Statistics SA has recently reported that South Africa’s mining and quarrying industry has grown as it is one of the industries that majorly contributed to the overall Gross Domestic Product (GDP) of the country in Q2 2018, per Mining Review. Mining added 0.4 of a percentage point to GDP growth, according to the Department of Mineral Resources (DMR). However, that growth was not able to salvage SA’s economy.
According to the data, the industry grew by 4.9 percent, with copper, nickel and platinum group metals as the major contributing materials. This was a great turnout because other products like gold have decreased prices while the demand for other materials such as platinum has also declined.
SA’s declining economy
There are several factors that affected the country’s economy. One is that it just recently transitioned from Jacob Zuma’s administration to Cyril Ramaphosa. After Zuma ended his nine-year presidency early this year, he was bombarded by several corruption charges, per BBC.
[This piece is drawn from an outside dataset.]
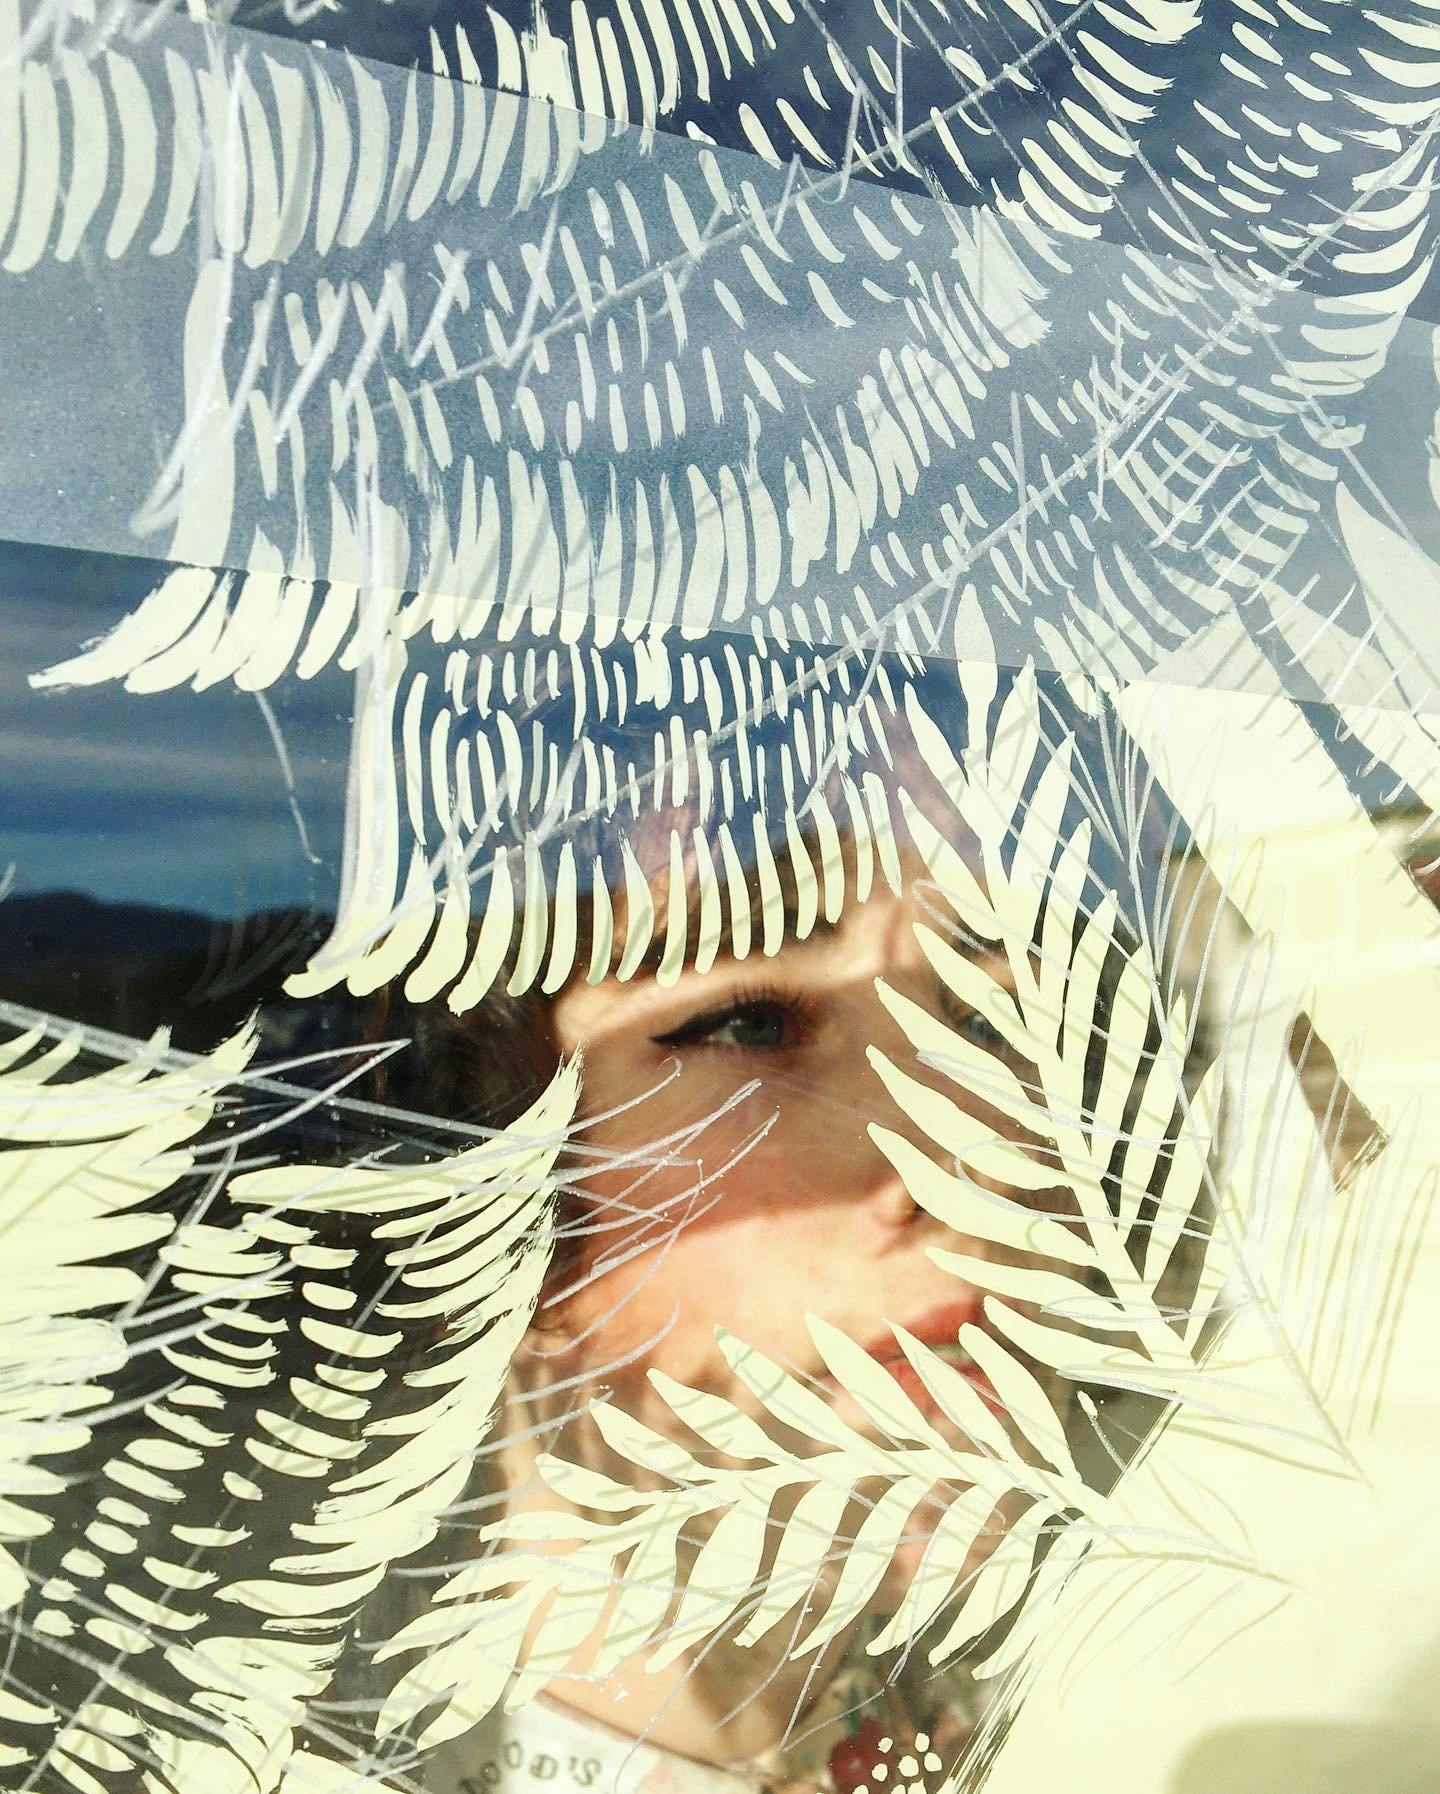 Portrait of Margot Reverdy painting leaves on a window.

This is the first recession SA has experienced in the past decade. Other factors that contributed to lower GDP are slow agricultural output and several constraints in consumer spending, per the Australian Financial Review.
Stable policies that could boost the mining sector
Even though the mining industry grew, it does not mean that it is still performing well either. The recession would still affect the sector. High wage costs and the decrease in global commodity demand could also lead to major job losses.
But the SA government is trying to solve this dilemma by revising the Mining Charter. If passed, there would be higher taxes for mining companies, which could increase the capital expenditure for the sector, per Moneyweb.
The DMR Minister Gwede Mantashe said: “Prioritising the exploration of new mineral deposits, and continuing to work together with the industry, we can turn our comparative advantage into competitive advantage and ensure the sector’s positive contribution to growth of the economy is sustained.”
Moneyweb adds that a stable policy and regulatory environment in the country would encourage more investors to inject money into the mining sector.
Speaking at a conference in Australia, Minerals Council’s CEO Roger Baxter estimates that R122 billion or rough $8 billion could be added to the sector’s capital expenditure currently pegged at R145 billion over the next four years. Moreover, SA could create 200,000 more jobs if it manages to regain its position in the top 25 percent of highly favored mining destinations across the world.
As the SA government may realize the higher potential of the mining industry, it should be willing to revise regulations to improve the environment for the sector.